Walmart, a business owned by Lunar Capital funds and clients, recently announced its Q1 2024 results. Notably, the company recorded a revenue of $152 billion, a 7.6% increase compared to the same quarter last year. Operating income saw a significant rise of 17.3% to reach $6.2 billion. However, Walmart had to make adjustments to the fair value of its investments, resulting in a $3 billion line-item decrease on the Income statement. Consequently, the diluted net income per a share decreased by 16.2% compared to the same quarter last year. During the quarter, Walmart achieved a gross margin of 24.3% and an operating margin of 4.1%.

Walmart has long been recognized for its focus on affordability and customer satisfaction. In a high-inflation environment consumers tend to “buy down”, i.e. they look for cheaper alternatives. Walmart could benefit from this trend. However, this is not the only front they are battling on. Walmart has recently ventured into the realm of e-commerce. In their latest financial results, Walmart experienced a noteworthy 26% growth in global e-commerce sales.

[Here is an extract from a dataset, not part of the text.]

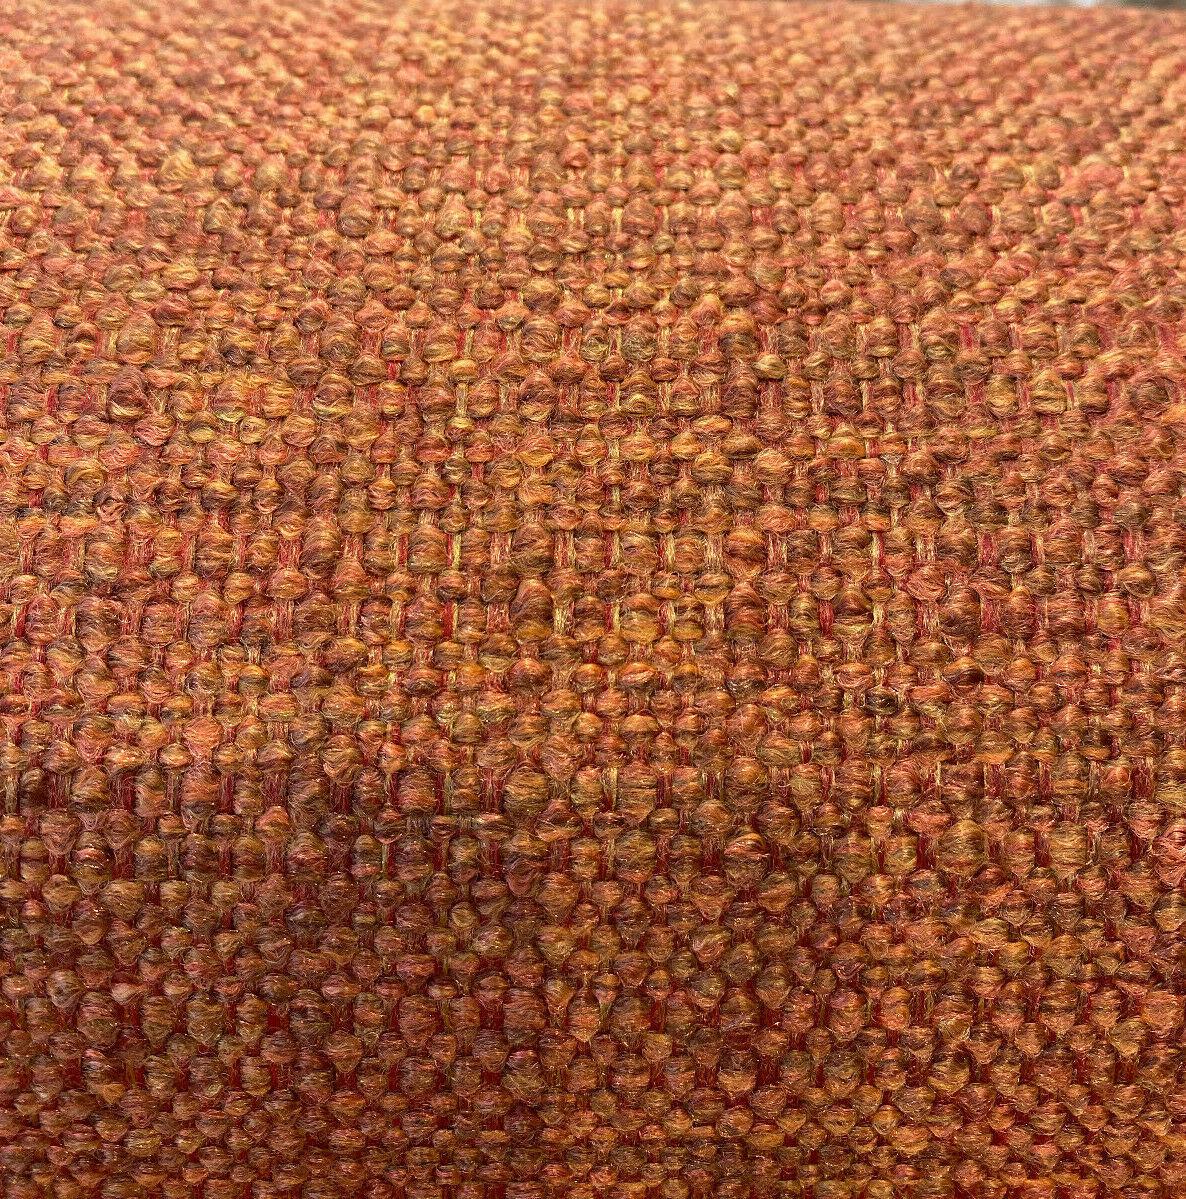 Browse All Orange/Rust Tweeds fabrics

Although e-commerce currently represents a relatively small portion of their total sales, it is growing at a faster rate compared to many of Walmart’s other business segments. The advertising segment is the only other segment exhibiting similar growth, with an increase in sales of 30% compared to the same quarter last year.

Walmart is strategically expanding its reach beyond its traditional competitors and targeting businesses that were not historically in direct competition with them. In the e-commerce realm, they are notably aiming to compete with Amazon, despite Amazon holding a significantly larger market presence. For the most recent fiscal year, Amazon’s e-commerce business recorded sales of $375 billion, while Walmart recorded e-commerce sales of $82 billion.

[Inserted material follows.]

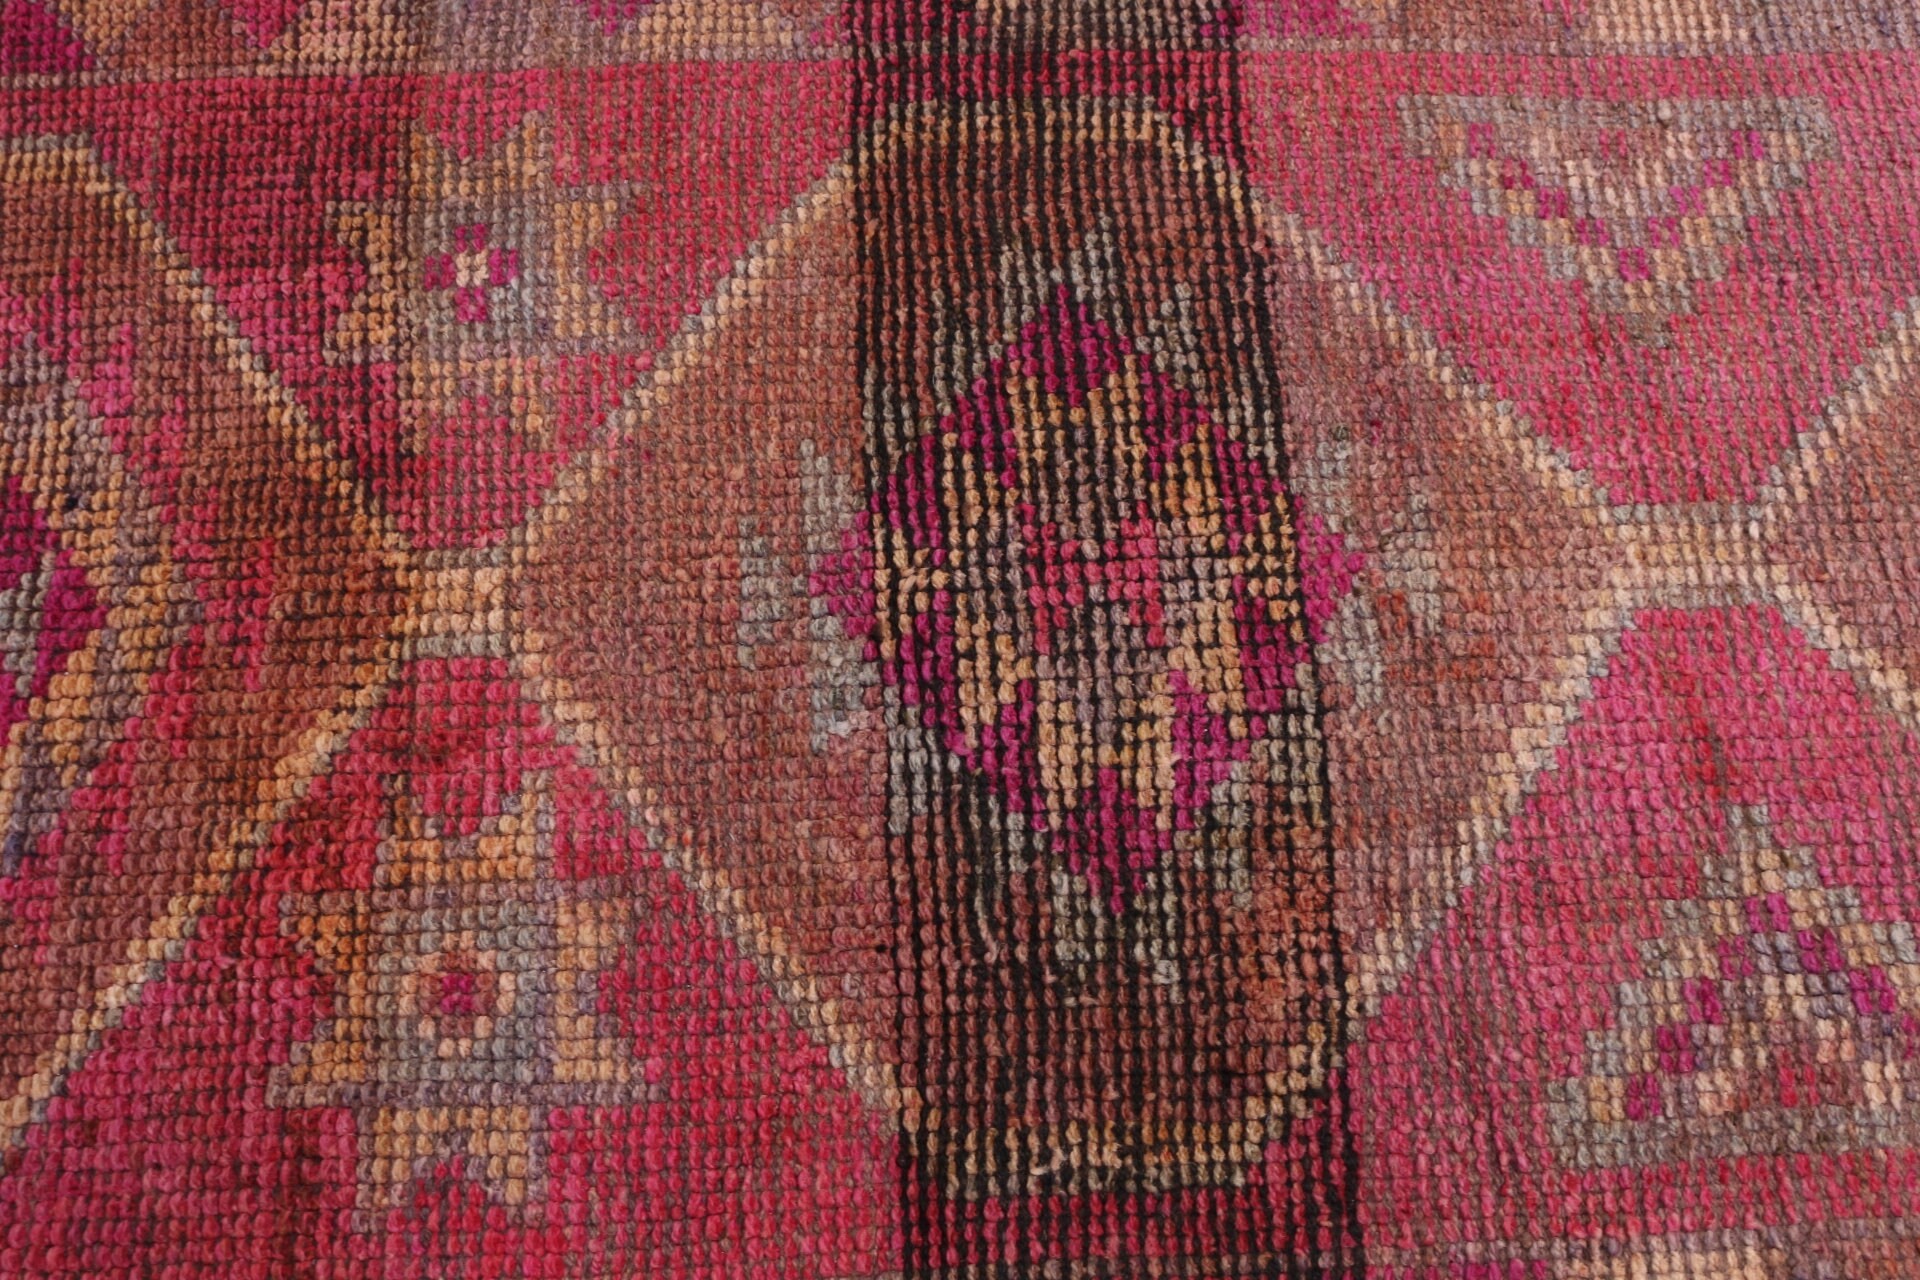 Rugs for Corridor, Bedroom Rug, Pink Antique Rugs, Handwoven Rug, 3x10.2 ft Runner Rug, Vintage Rug, Turkish Rug, Hallway Rug

Walmart is also making strides in growing its advertising segment, which typically offers higher profit margins compared to many other industries. This could potentially contribute to Walmart increasing its operating margin. However, it is important to note that Walmart faces fierce competition in this arena from other advertising platforms such as Alphabet, Meta (formerly Facebook), and Amazon, again. This competitive landscape presents a challenging battle for Walmart. Nevertheless, their recent growth in the advertising sector suggests that businesses are choosing to allocate a portion of their marketing budget to Walmart, indicating a positive trend for Walmart’s advertising endeavours.

Amazon and Walmart are held in the Lunar BCI Worldwide Flexible Fund and by Lunar Capital’s Offshore Portfolio Management clients.

Connect with us on social media:

LinkedIn: https://bit.ly/413pDnr
Facebook: https://bit.ly/3ScL7Km
Instagram: https://bit.ly/3ICEjCJ

Lunar Capital on Eastwave Radio

Every Tuesday, at 07h45, Sabir chats with Nazia from Eastwave Radio (92.2 fm, live stream on www.eastwave.co.za) on investing and the markets.

Click here to access your account to view statements, obtain tax certificates, add, or make changes to your investments.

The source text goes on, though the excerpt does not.